### Material for this task ###
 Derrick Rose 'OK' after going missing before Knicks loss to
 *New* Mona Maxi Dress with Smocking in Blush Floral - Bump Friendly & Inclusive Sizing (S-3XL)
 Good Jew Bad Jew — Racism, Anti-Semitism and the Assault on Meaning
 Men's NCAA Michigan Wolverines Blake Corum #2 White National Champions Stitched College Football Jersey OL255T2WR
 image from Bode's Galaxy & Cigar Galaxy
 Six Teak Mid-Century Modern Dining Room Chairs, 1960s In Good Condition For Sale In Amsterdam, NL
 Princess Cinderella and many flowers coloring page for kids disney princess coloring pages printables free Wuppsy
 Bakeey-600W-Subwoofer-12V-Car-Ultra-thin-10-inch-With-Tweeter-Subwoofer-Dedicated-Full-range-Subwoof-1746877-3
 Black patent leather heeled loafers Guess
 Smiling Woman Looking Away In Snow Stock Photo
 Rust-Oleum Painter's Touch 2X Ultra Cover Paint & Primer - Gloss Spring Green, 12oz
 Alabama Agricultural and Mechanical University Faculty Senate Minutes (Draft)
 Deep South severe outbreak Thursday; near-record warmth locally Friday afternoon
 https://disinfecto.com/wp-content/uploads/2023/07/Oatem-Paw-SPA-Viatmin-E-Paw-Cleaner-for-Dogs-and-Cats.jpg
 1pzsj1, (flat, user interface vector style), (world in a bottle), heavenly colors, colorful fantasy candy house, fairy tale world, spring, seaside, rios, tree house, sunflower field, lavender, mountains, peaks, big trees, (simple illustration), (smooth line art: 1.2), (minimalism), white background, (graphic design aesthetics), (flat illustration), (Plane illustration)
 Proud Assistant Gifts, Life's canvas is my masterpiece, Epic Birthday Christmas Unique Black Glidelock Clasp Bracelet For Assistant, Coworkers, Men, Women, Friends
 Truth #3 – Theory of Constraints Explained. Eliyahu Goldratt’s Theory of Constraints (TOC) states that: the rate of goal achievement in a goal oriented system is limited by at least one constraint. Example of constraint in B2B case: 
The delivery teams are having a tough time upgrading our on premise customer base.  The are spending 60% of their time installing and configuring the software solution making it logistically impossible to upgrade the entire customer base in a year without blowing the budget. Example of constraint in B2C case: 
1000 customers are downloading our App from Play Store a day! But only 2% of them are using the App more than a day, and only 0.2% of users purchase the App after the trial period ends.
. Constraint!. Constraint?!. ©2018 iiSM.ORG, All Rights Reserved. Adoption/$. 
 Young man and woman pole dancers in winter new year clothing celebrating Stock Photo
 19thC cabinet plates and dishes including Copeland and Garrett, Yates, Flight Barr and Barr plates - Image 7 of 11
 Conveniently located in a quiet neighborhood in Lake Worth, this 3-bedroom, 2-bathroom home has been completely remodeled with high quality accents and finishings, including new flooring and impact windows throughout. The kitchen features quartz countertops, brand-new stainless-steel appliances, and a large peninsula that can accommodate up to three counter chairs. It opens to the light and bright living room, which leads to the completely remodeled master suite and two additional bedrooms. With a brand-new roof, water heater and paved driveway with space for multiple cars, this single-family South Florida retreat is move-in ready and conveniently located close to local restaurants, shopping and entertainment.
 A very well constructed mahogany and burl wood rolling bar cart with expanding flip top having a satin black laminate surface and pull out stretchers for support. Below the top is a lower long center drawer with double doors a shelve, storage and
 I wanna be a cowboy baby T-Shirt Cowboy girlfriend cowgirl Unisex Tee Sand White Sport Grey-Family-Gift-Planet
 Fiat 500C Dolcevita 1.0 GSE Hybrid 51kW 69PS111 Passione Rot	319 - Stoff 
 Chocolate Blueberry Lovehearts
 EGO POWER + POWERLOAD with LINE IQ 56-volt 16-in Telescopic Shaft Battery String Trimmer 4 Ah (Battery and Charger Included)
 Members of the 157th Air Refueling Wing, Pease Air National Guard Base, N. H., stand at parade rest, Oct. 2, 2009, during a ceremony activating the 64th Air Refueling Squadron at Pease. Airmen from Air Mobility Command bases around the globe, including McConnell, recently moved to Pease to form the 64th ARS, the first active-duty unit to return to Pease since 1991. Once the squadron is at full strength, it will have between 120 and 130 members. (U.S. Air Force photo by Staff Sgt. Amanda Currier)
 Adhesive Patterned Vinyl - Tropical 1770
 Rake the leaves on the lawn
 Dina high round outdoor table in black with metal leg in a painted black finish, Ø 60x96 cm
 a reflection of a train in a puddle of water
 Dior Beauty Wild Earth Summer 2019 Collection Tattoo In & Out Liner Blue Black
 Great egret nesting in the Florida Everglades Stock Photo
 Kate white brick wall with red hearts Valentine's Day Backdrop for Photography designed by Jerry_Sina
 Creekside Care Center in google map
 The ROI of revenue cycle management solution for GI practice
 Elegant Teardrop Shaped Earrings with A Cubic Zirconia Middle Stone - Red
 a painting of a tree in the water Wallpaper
###
Exercise description => Reproduce word for word the material above, starting with the line that has "I wanna be a" and stopping after the line that has "EGO POWER +".

Expected answer =>
 I wanna be a cowboy baby T-Shirt Cowboy girlfriend cowgirl Unisex Tee Sand White Sport Grey-Family-Gift-Planet
 Fiat 500C Dolcevita 1.0 GSE Hybrid 51kW 69PS111 Passione Rot	319 - Stoff 
 Chocolate Blueberry Lovehearts
 EGO POWER + POWERLOAD with LINE IQ 56-volt 16-in Telescopic Shaft Battery String Trimmer 4 Ah (Battery and Charger Included)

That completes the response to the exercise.